Viceversa nella Provincia di Treviso sono localizzati gli allevamenti di più piccola dimensione e la
media dei capi allevati risulta molto inferiore. Le Provincie di Vicenza e Treviso, che fanno registrare
percentuali analoghe sia in termini di allevamenti che di numero di capi, risultano invece essere
caratterizzate da una dimensione media degli allevamenti in linea con quella regionale.
La polarizzazione territoriale evidenzia alcune aree dove l’allevamento del vitellone pesante assume
un peso quantitativo molto rilevante: la parte settentrionale della Provincia di Padova, quella sudorientale di Vicenza, quella sud-occidentale di Treviso ed infine la zona del Veneto nord-orientale.
Il comparto del vitellone pesante in Veneto è ancora contraddistinta da un numero molto elevato
di allevamenti di piccole dimensioni, a carattere famigliare o finalizzati ad integrare redditi derivanti
da altre attività economiche, ma oltre l’80% dei capi risulta concentrato negli allevamenti con più
di 100 capi, che in termini percentuali pesano solo il 6% del totale degli allevamenti. La distribuzione
degli allevamenti per classi dimensionali mette in luce infatti una struttura produttiva fortemente
polarizzata tra due principali tipologie di allevamenti: quelli di piccolissima dimensione e quelli di
medio-grande dimensione, che possono essere definiti tali quando superano la soglia dei 200 capi
allevati.
Negli ultimi anni si è comunque assistito ad un processo di selezione molto forte degli allevamenti più
marginali con una tendenza sempre più accentuata alla concentrazione dei capi allevati nelle
strutture di più grandi dimensioni. Questo processo di concentrazione è determinato dal fatto che
gli allevamenti di vitellone pesante sono caratterizzati da forti economie di scala legate alla
maggiore dimensione, che inoltre offre considerevoli vantaggi di carattere logistico ed organizzativo
e permette di conseguire prezzi più convenienti sia nella vendita dei vitelloni ingrassati che
nell’acquisto dei ristalli e delle materie prime/mangimi che compongono la razione alimentare.

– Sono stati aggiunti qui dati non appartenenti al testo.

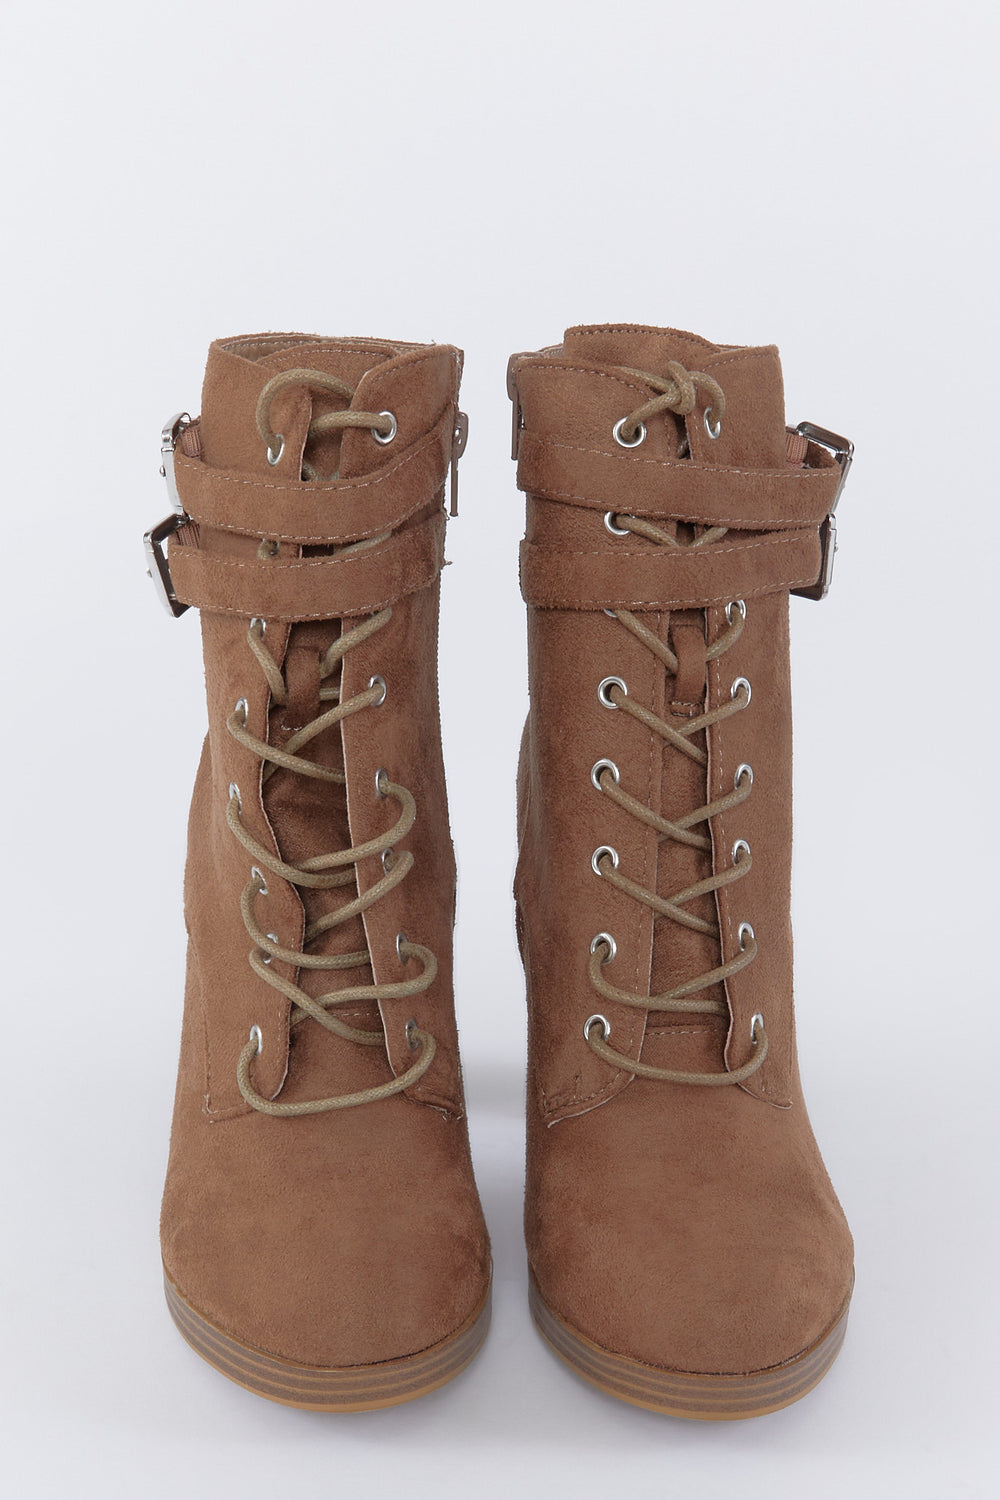 Faux-Suede Lace-Up Buckle Block Heel Boot Brown

2. Costo di produzione dei bovini da ingrasso in
Veneto: Metodologia
Per quanto riguarda l’approccio metodologico, è stato riproposto il metodo di calcolo elaborato
da ISMEA e CRPA, per lo studio del “Costo di produzione del vitellone negli allevamenti da ingrasso:
5
indagine 2012” effettuato nell’ambito dell’Osservatorio economico della zootecnia istituito dal
Ministero delle Politiche Agricole, Alimentari e Forestali presso l’Ismea3.
Nel complesso, il costo di allevamento delle aziende che hanno partecipato all'indagine - calcolato
in riferimento all'esercizio 2013 – è compreso tra un minimo di 192 €/100 kg di peso vivo prodotto ed
un massimo di 442 €/100 kg di peso vivo prodotto, con una spesa media del campione di 322 €/100
kg. Le maggiori differenziazioni di spesa tra un allevamento e l’altro sono da ricercarsi nella scelta
della razione alimentare, vista, come vedremo in seguito, la grande variabilità che esiste tra diverse
tipologie di alimentazione.
2.1 Criteri di selezione degli allevamenti
Il lavoro nasce nell’ambito del progetto “Valorizzazione delle filiere agricole” messo in atto dalla
Regione del Veneto e da Ismea attraverso la convenzione finanziata dal Programma di sviluppo
rurale 2007-2013, con la collaborazione di Veneto Agricoltura, e prevede che la rilevazione dei costi
sia effettuata per le razze prevalenti nel sistema da ingrasso delle provincie più vocate: Verona,
Treviso Padova e Vicenza (Rovigo e Venezia).
Facendo riferimento alla classificazione in uso presso l’Istat, la tipologia che meglio identifica la
classe dei bovini da ingrasso è quella dei bovini di età da uno a meno di due anni, dato che in
questo modo si garantisce l’esclusione dei capi dell’allevamento di vitello a carne bianca che
vengono macellati agli 8 mesi di età. Lo studio è stato focalizzato su questa specifica tipologia di
allevamento delle aziende bovine specializzate – orientamento allevamento e ingrasso. È stato cioè
definito il campo di osservazione dell’indagine nelle “aziende bovine specializzate – orientamento
allevamento e ingrasso, bovini di età compresa tra uno e due anni (tabella 1).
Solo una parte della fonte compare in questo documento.